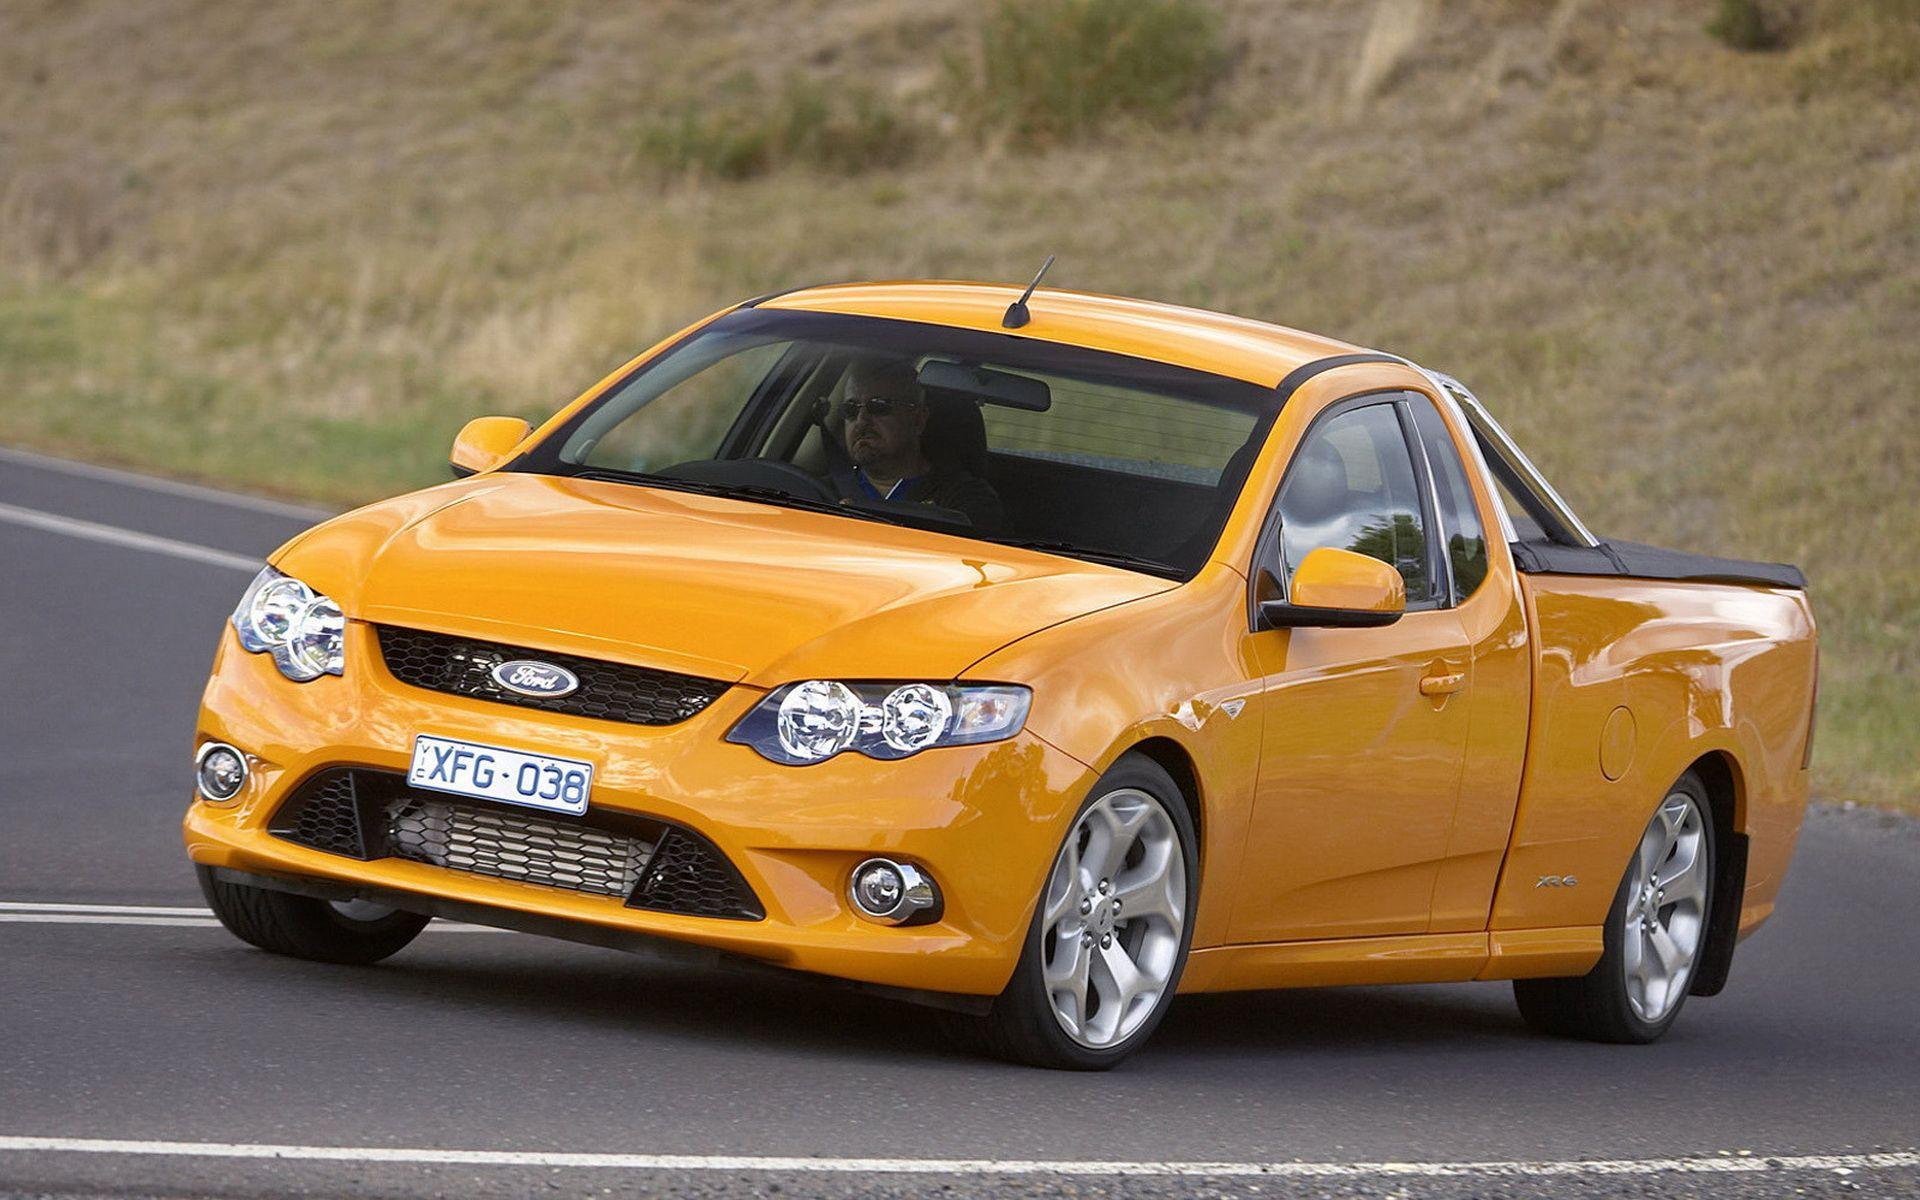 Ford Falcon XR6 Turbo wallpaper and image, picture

========

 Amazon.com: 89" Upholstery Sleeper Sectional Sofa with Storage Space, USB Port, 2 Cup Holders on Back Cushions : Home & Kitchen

========

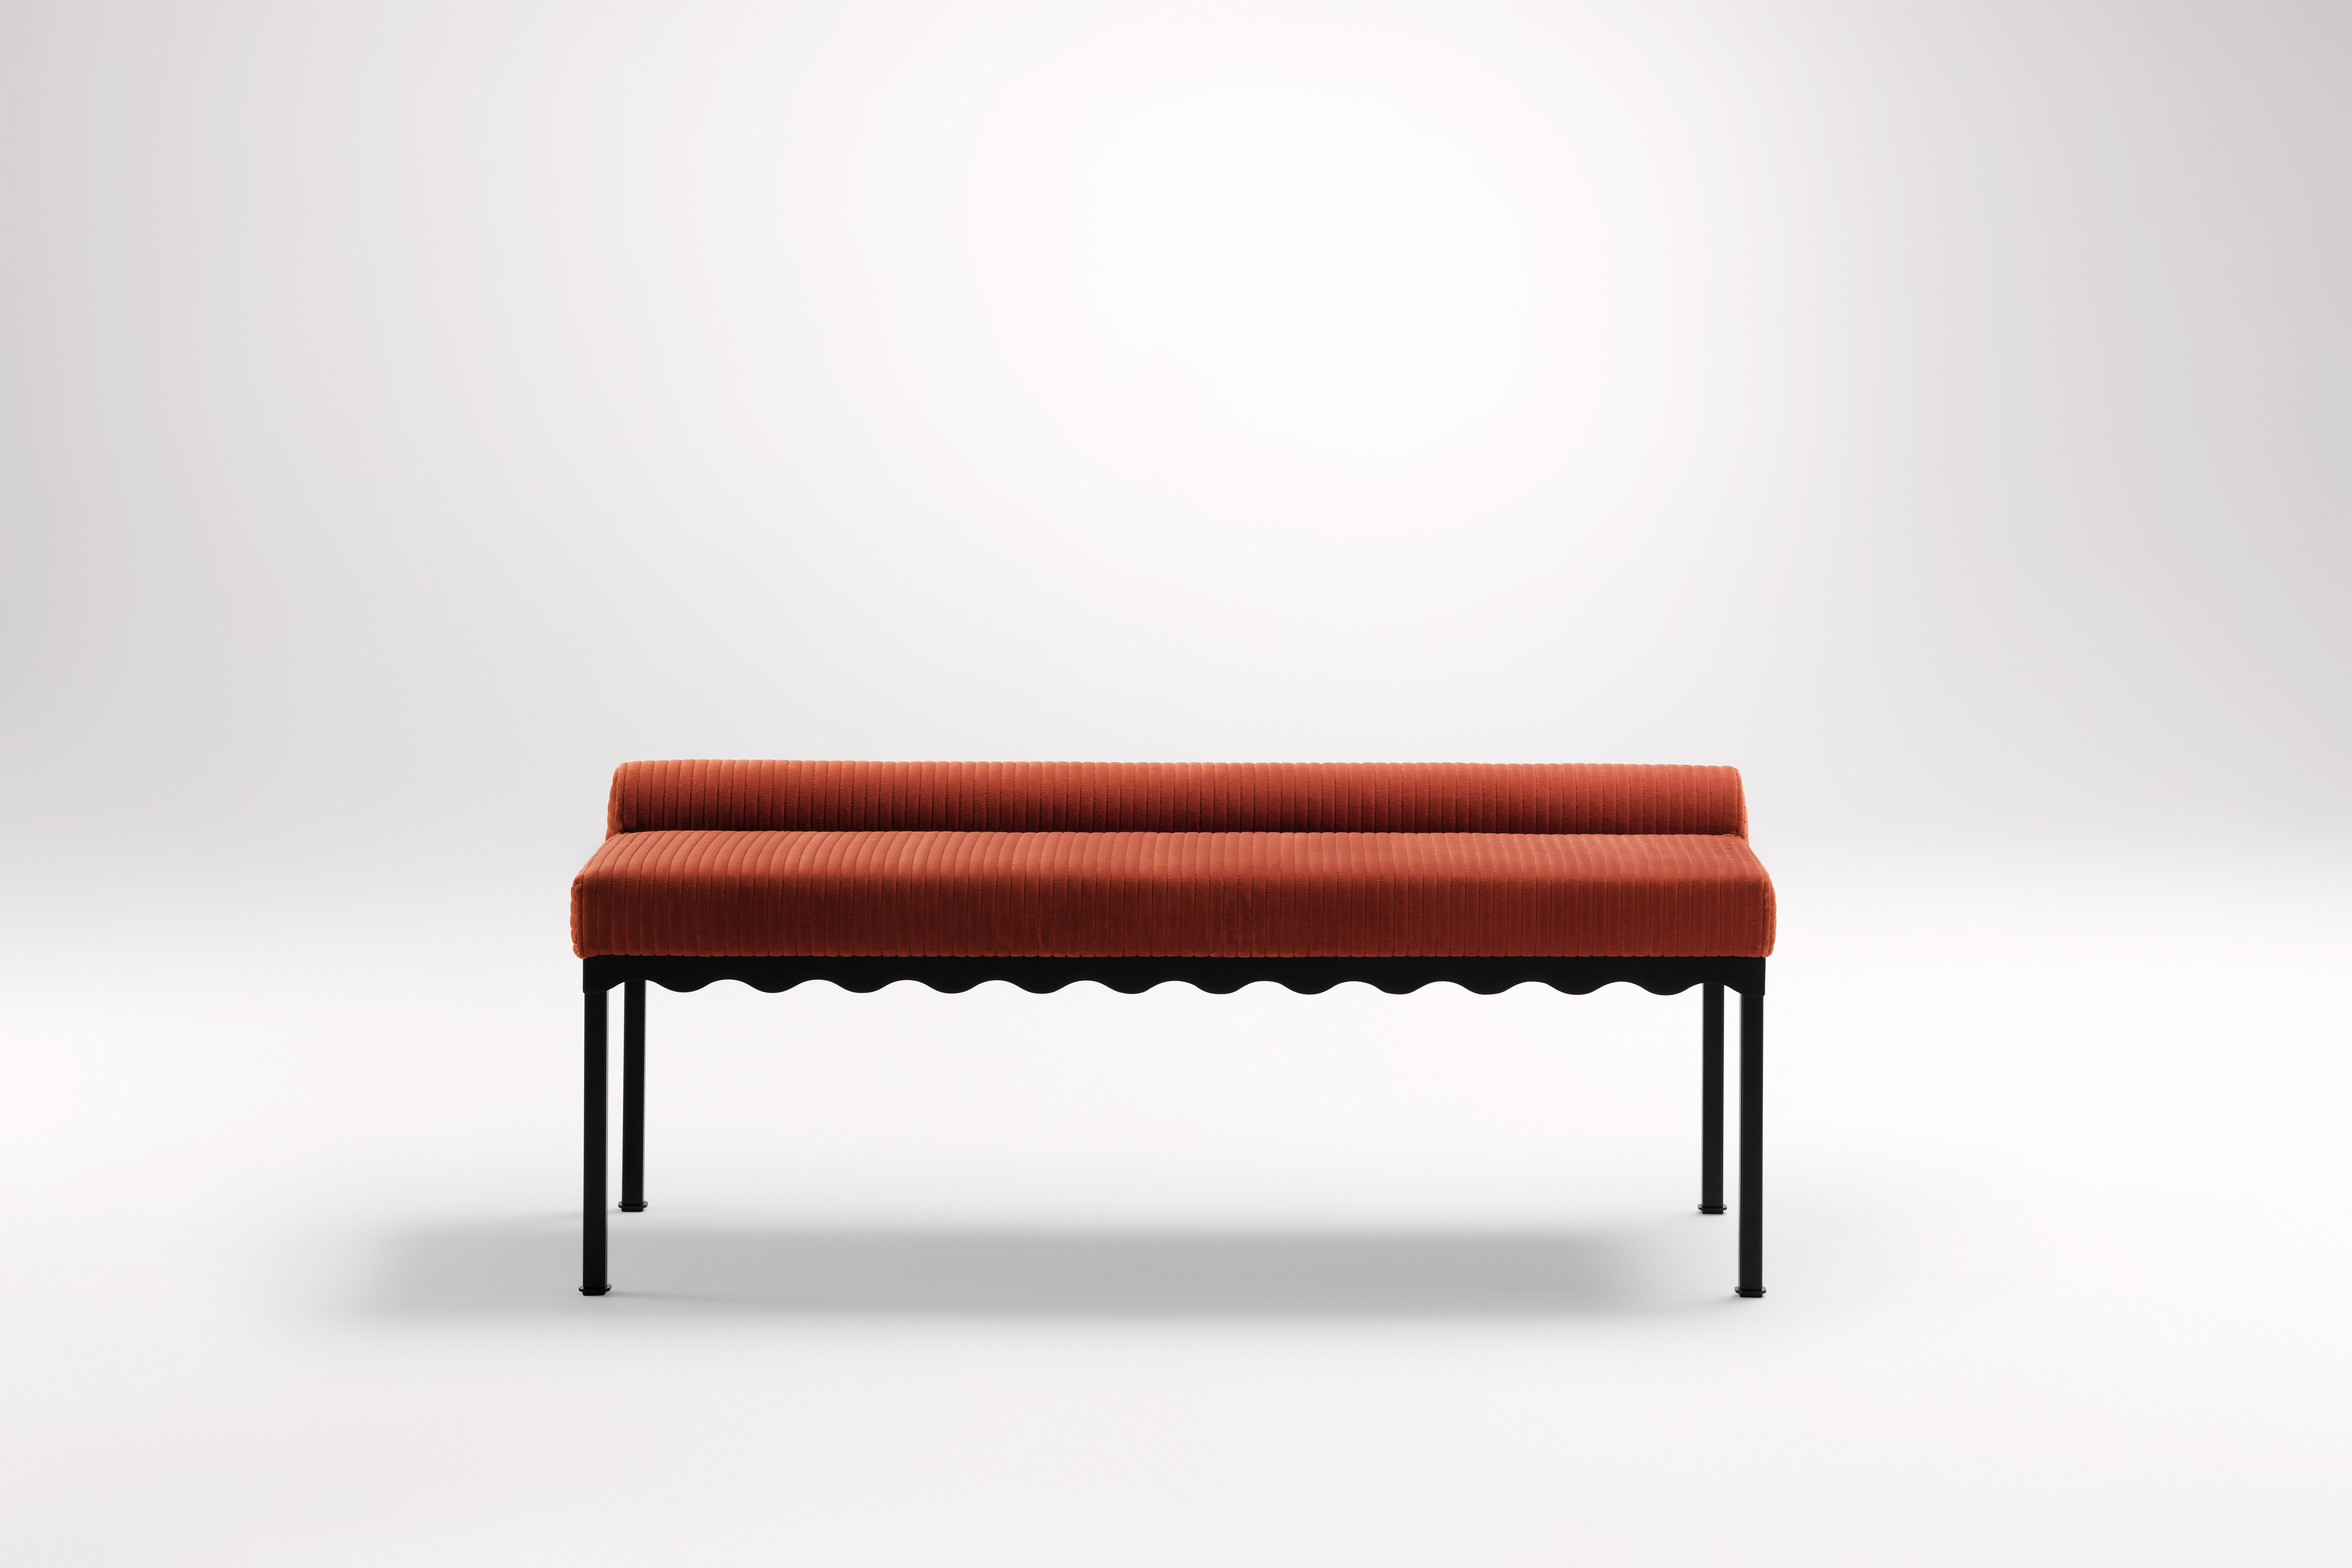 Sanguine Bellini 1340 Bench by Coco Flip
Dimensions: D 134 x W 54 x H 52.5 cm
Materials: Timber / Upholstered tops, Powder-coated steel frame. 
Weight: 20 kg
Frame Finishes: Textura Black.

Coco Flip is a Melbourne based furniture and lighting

========

Working from the records above, set down word for word everything from the line containing "Sanguine Bellini 1340 Bench by Coco Flip" down to the line containing "Coco Flip is", ends included, minus the pictures.

 Sanguine Bellini 1340 Bench by Coco Flip
Dimensions: D 134 x W 54 x H 52.5 cm
Materials: Timber / Upholstered tops, Powder-coated steel frame. 
Weight: 20 kg
Frame Finishes: Textura Black.

Coco Flip is a Melbourne based furniture and lighting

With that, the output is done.